What is Patrick Marber up to in Howard Katz? Is he telling the story of a modern Jewish Everyman? Or is he attacking a cynical, faithless, materialist age? Possibly both. But although the play is full of snazzy one-liners, Marber's dual aims come into increasing collision as the action unfolds.
Marber starts with the abortive suicide of the hero and then backtracks to trace the source of his despair. In the racy first half we learn that Howard, a barber's son, is an unusually rebarbative showbiz agent who tells his clients the blistering truth. "You're like a skull on a stick," he informs one face-lifted actress. But gradually the rich, clever but hollow Howard loses his wife, alienates his father and is relieved of his business. We then watch his life spiralling downwards as he is rejected by everyone, gambles away his remaining money, and apostrophises an uncaring God like a traumatised Tevye the Milkman.
In both Dealer's Choice and Closer, Marber showed a mature understanding of urban solitude. But here it is hard to work out whether Howard's problems are individual or social. At one moment Marber implies that Howard, whose father guiltily confesses to an affair, is the victim of collapsing Jewish family values and orthodox faith: "You never believed anything," his father tells him, "so you don't know who you are." But at other times Marber implies that it is impossible to be good in our corrupt world, where TV gardeners and chefs are revered as secular icons.
I suspect that, unconsciously, Marber is trying to write a modern Death of a Salesman; but, unlike Miller, he never establishes a molten link between his hero's private flaws and the false dreams imposed by society. So one is left to take what pleasure one can in some sharp showbiz satire and odd zingers such as Howard's remark to his wife: "Your capacity for happiness can be very depressing."
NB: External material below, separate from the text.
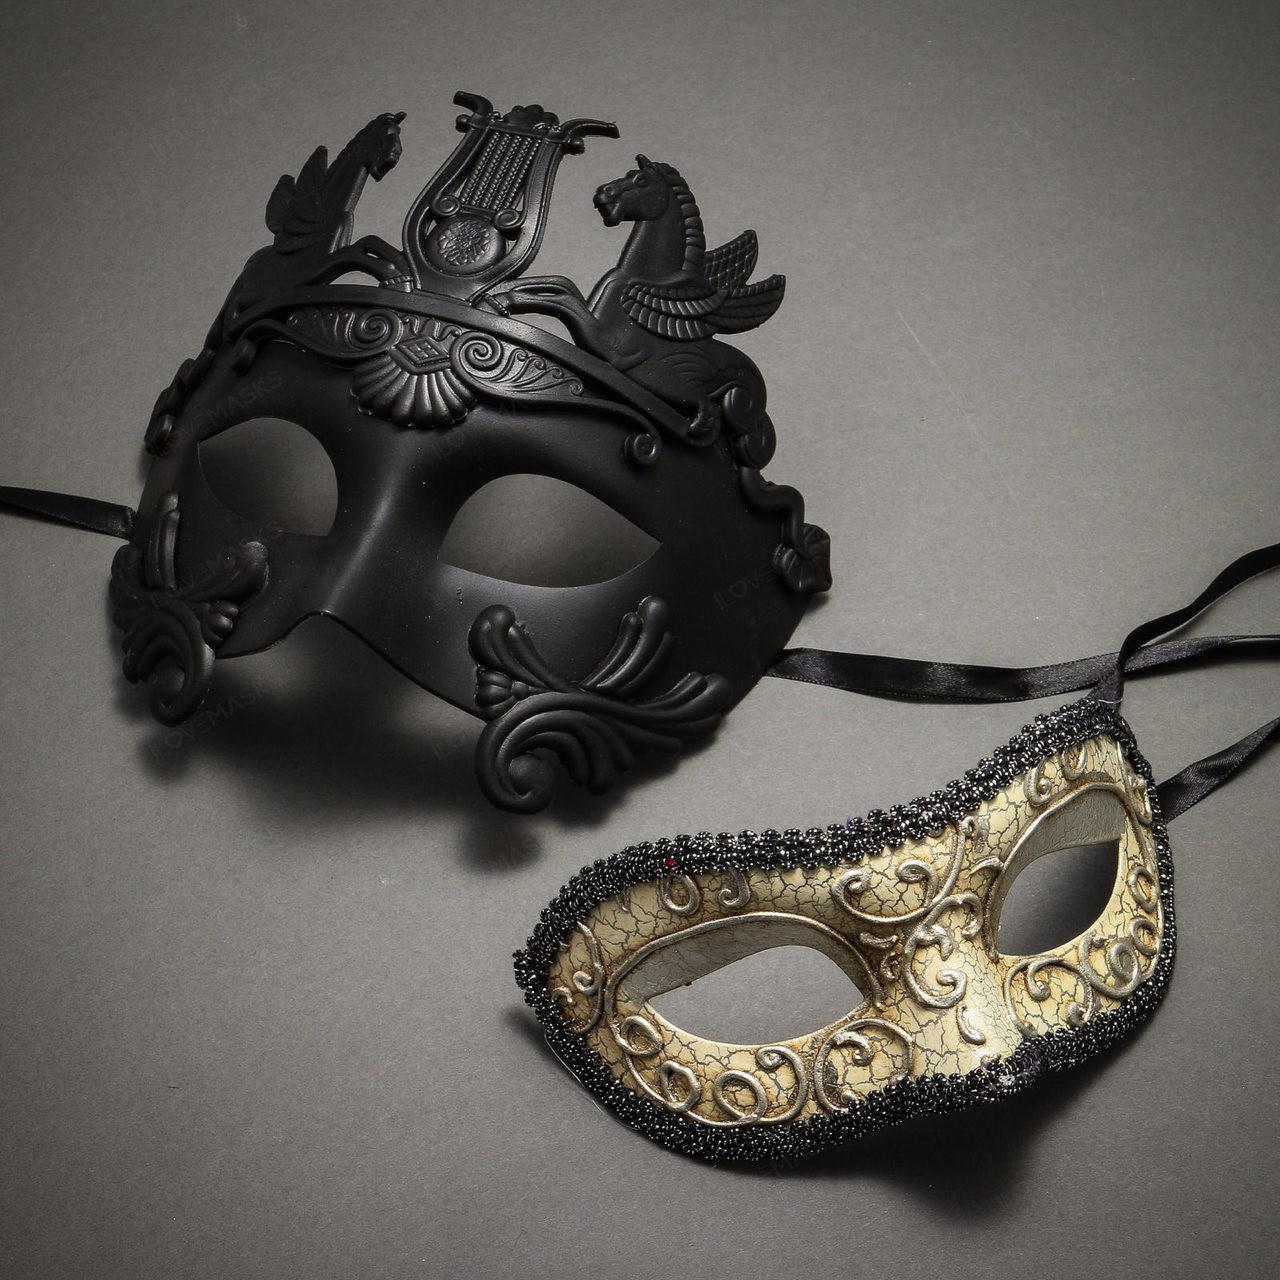 Roman Greek WARRIOR Emperor Venetian Masquerade Ball Party Mask Men Black Silver

Ron Cook lends the hero the right mix of abrasiveness, ebullience and self-loathing. And in Marber's own production, played in the Cottesloe Theatre on a fast-moving revolve, with the actors assuming multiple roles, there is good support from Trevor Peacock as Howard's essentially decent dad, and from Mossie Smith as his cultured wife. The play is never dull, but leaves one feeling that Marber follows too many paths on the way to Howard's end.